Hujan terus mengguyur sejak subuh tadi. Aku makin bergelung dalam selimut, enggan beranjak walau perut sudah keroncongan. Cuaca dingin agaknya membuat kasur terasa nyaman untuk beberapa waktu ke depan. Jam sudah menunjukkan pukul 06.00, sekali pun aku masih ingin tidur, tapi mata enggan terpejam lagi. Apalagi setelah alarm yang terus berdering tiap 5 menit sekali.
Tubuh terasa kaku, namun semalam aku tidur nyenyak, sehingga pagi ini terasa lebih segar. Mungkin karena pengaruh obat dari Pram. Atau mungkin juga karena ada Rangga yang menemani di sini. Sehingga aku tidak perlu takut kalau ada teror wanita kemarin. Selimut kusingkap, membiarkannya berantakan begitu saja, buru-buru keluar dari kamar karena ada hal yang ingin ku periksa, Rangga. Kejadian semalam bagai mimpi dan kenyataan yang berbanding lurus. Aku pikir, tidak akan menemukan Rangga di apartemen ku, karena rasanya bagai mimpi saja. Namun saat aku melihat ke sofa, rupanya Rangga masih ada di sana. Sedang menikmati kopi hitam dengan buku di tangan. Itu adalah salah satu novel koleksi milikku. Rak buku di belakang sofa memang salah satu tempat yang menarik tamu sejauh ini.
"Pagi," sapa nya begitu melihatku keluar.
"Udah bangun?"
"Udah dong. Kamu tuh yang mirip kerbau tidurnya. Ada gempa aja nggak dengar."

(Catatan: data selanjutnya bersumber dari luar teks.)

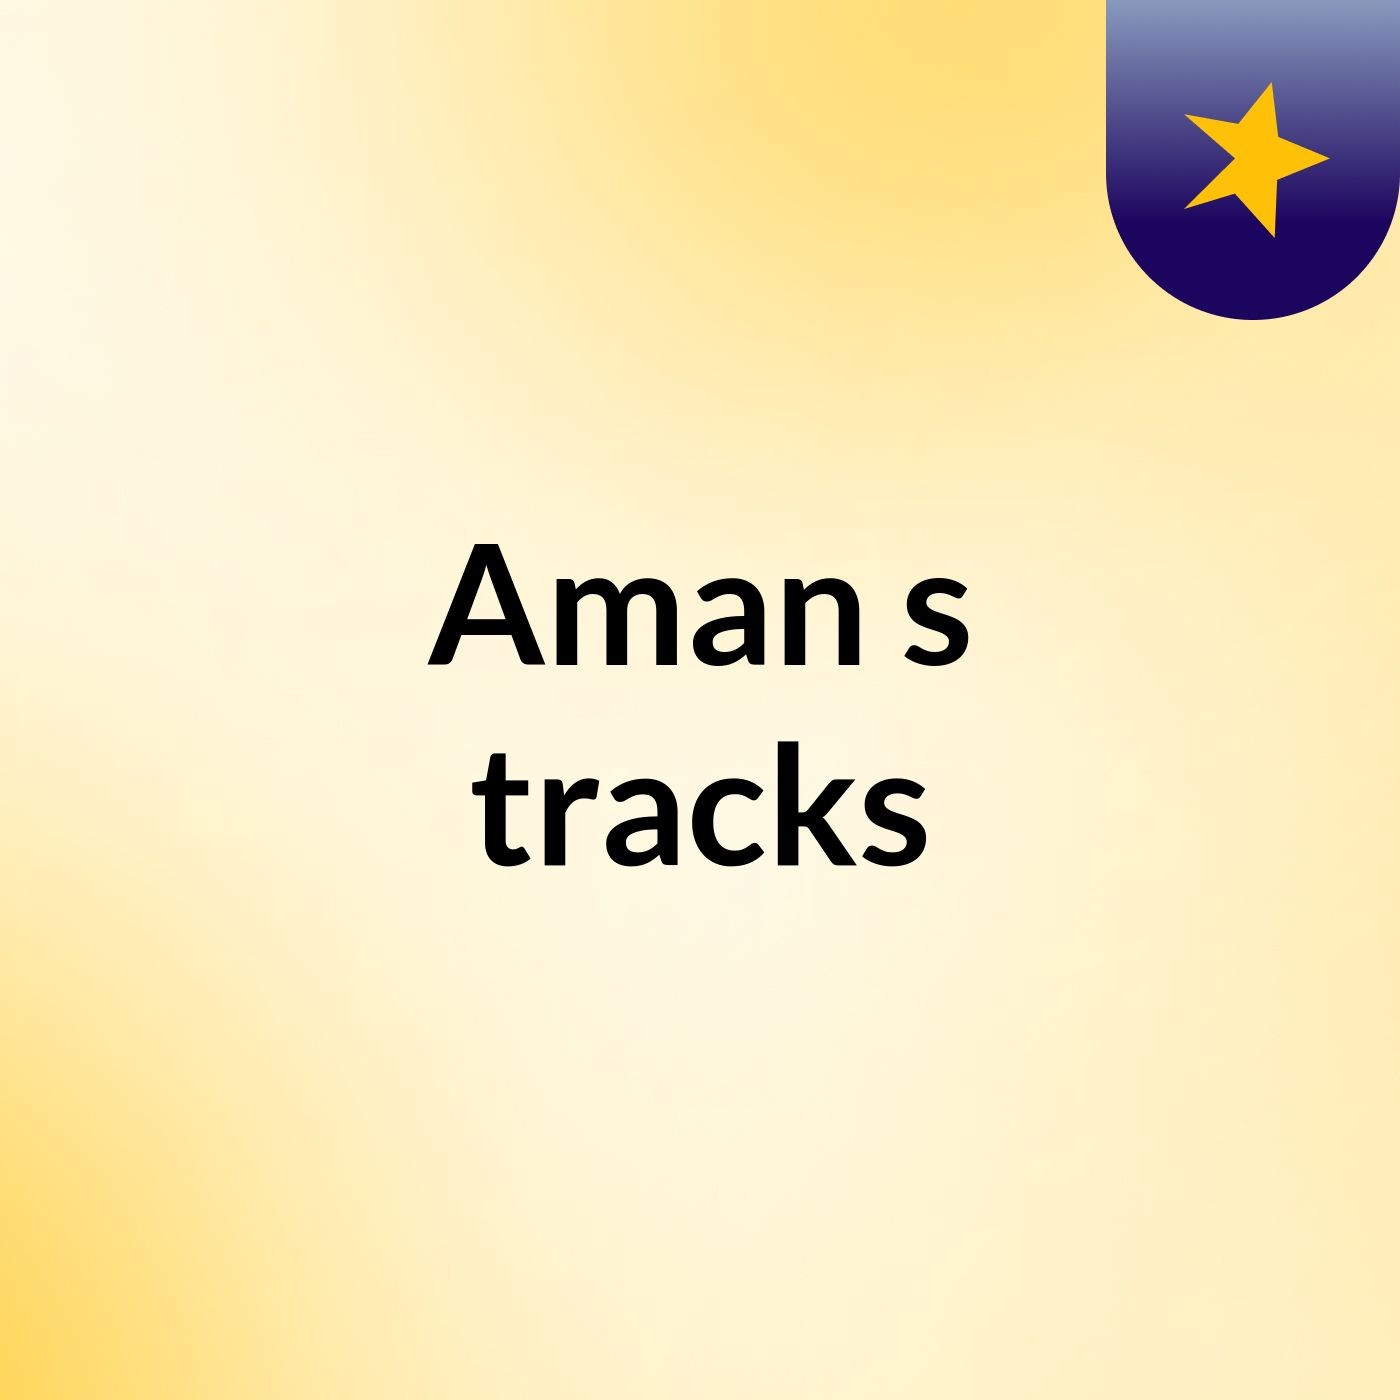 Aman's tracks

"Hah? Gempa? Serius? Jam berapa?" tanyaku antusias. Segera duduk di samping Rangga yang wajahnya sudah terlihat segar. Sepertinya dia sudah mencuci wajah, tapi ada lingkaran hitam di bawah matanya.
"Bercanda."
"Huu! Kirain betulan." aku memukul lengannya pelan. Menoleh ke jendela dengan langit yang masih sedikit gelap. "Hujan dari jam berapa?"
"Subuh tadi."
"Kamu bangun jam berapa?"
"Subuh."
"Pagi banget?"
"Iya, udah kebiasaan di rumah. Semua orang bangun subuh. Malah Nin itu jam 3 udah mandi, terus nyapu halaman. Atau jalan-jalan deket rumah."

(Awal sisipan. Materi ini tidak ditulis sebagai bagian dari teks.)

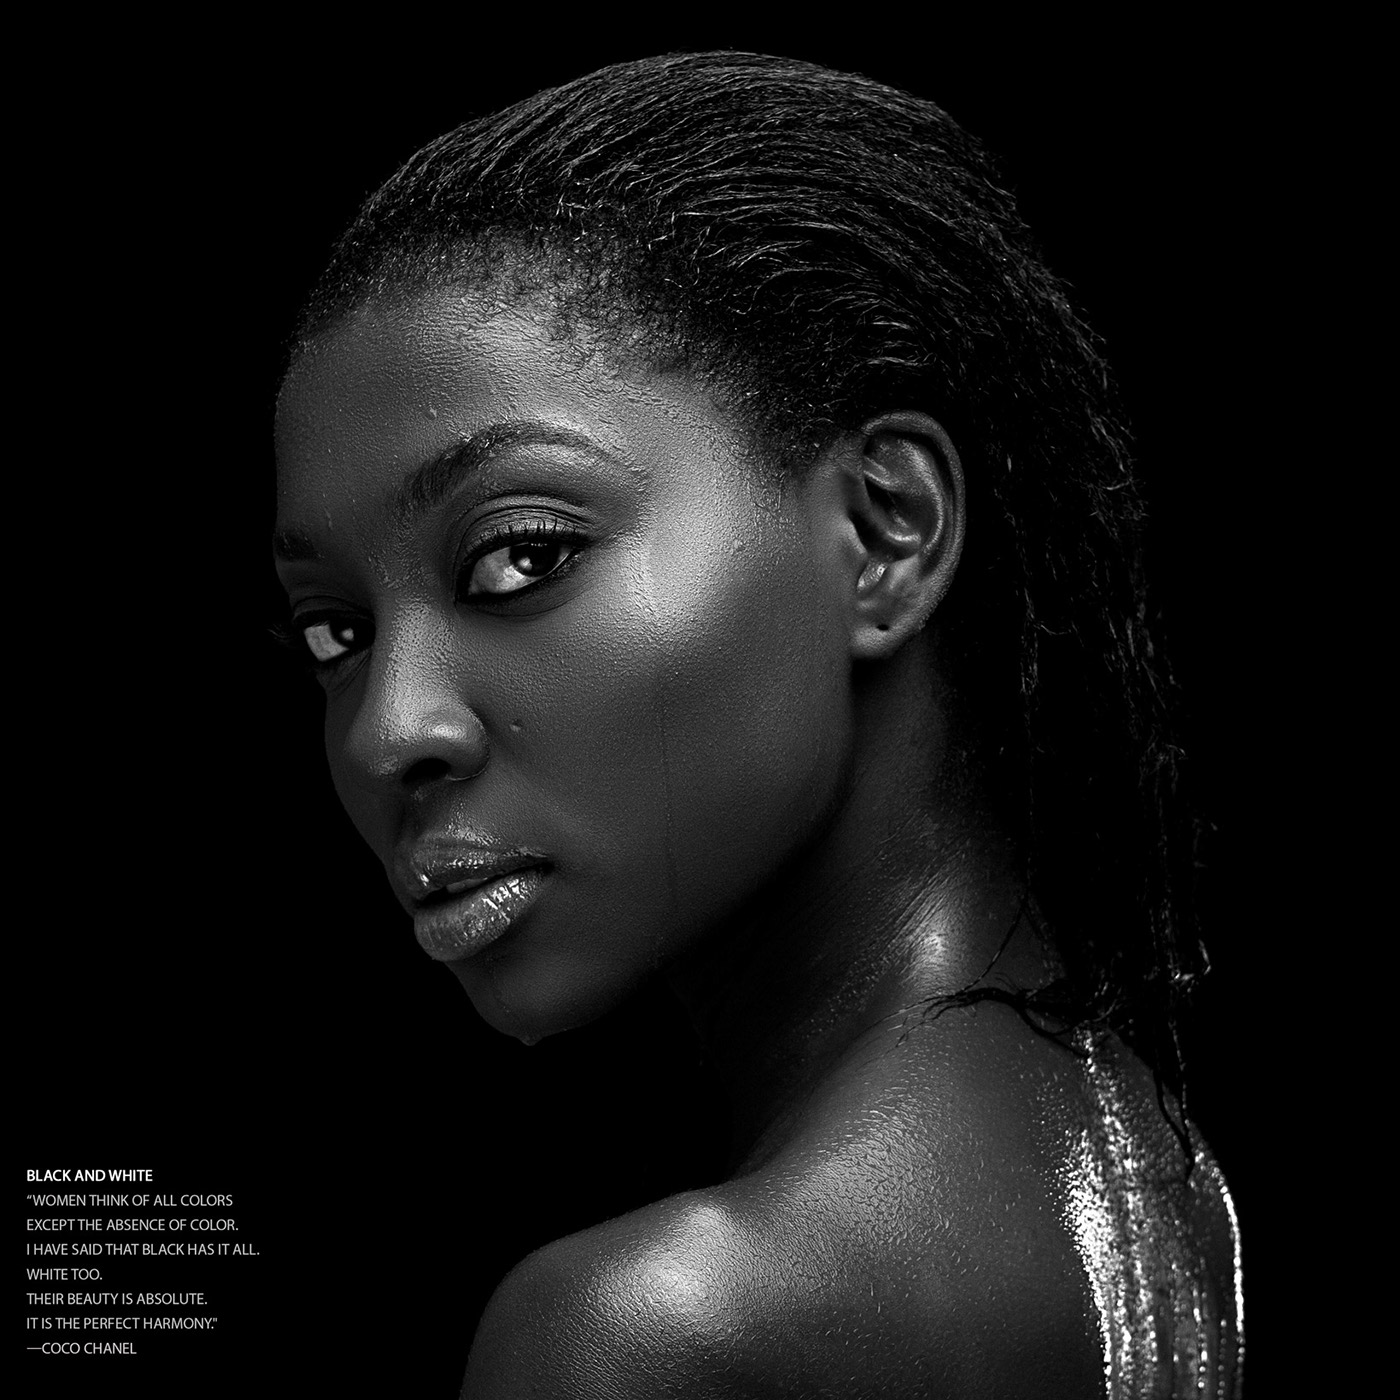 alfe alfestudios Photography  retouch melanin black natural beauty nigeria africa

"Wah, keren. Aku mana pernah bangun sepagi itu. Kalau kamu sendiri, tiap bangun subuh ngapain aja?"
"Ya salat. Kadang jamaah di rumah, kadang ke mesjid. Habis itu ya main handphone. Baca-baca twitter, atau Kaskus, kadang juga lihat i*******m."
"Oh."
Rangga tidak memalingkan pandangannya dari buku di tangan. Aku lantas beranjak dan segera mencuci muka, lalu menyiapkan sarapan.
"Kamu mau pulang jam berapa?" tanyaku sedikit menjerit karena posisi kami yang agak berjauhan.
"Nggak tau ini. Hujannya deras banget. Lagian udah kasih kabar ke rumah, aman. Atau kamu nggak suka gue di sini?" tanyanya melirikku tajam, diakhir menutup buku.
"Buruk sangka itu nggak baik, Rangga. Justru aku pengen kamu di sini dulu, temenin aku. Paling nggak sampai Mey datang, ya."
"Mey? Temen kamu yang kemarin itu?"
"Iya, kemungkinan dia mau nginap di sini, nemenin aku."
"Masih takut sama setan itu?"
Tidak langsung menjawab pertanyaannya, aku malah menarik nafas dalam.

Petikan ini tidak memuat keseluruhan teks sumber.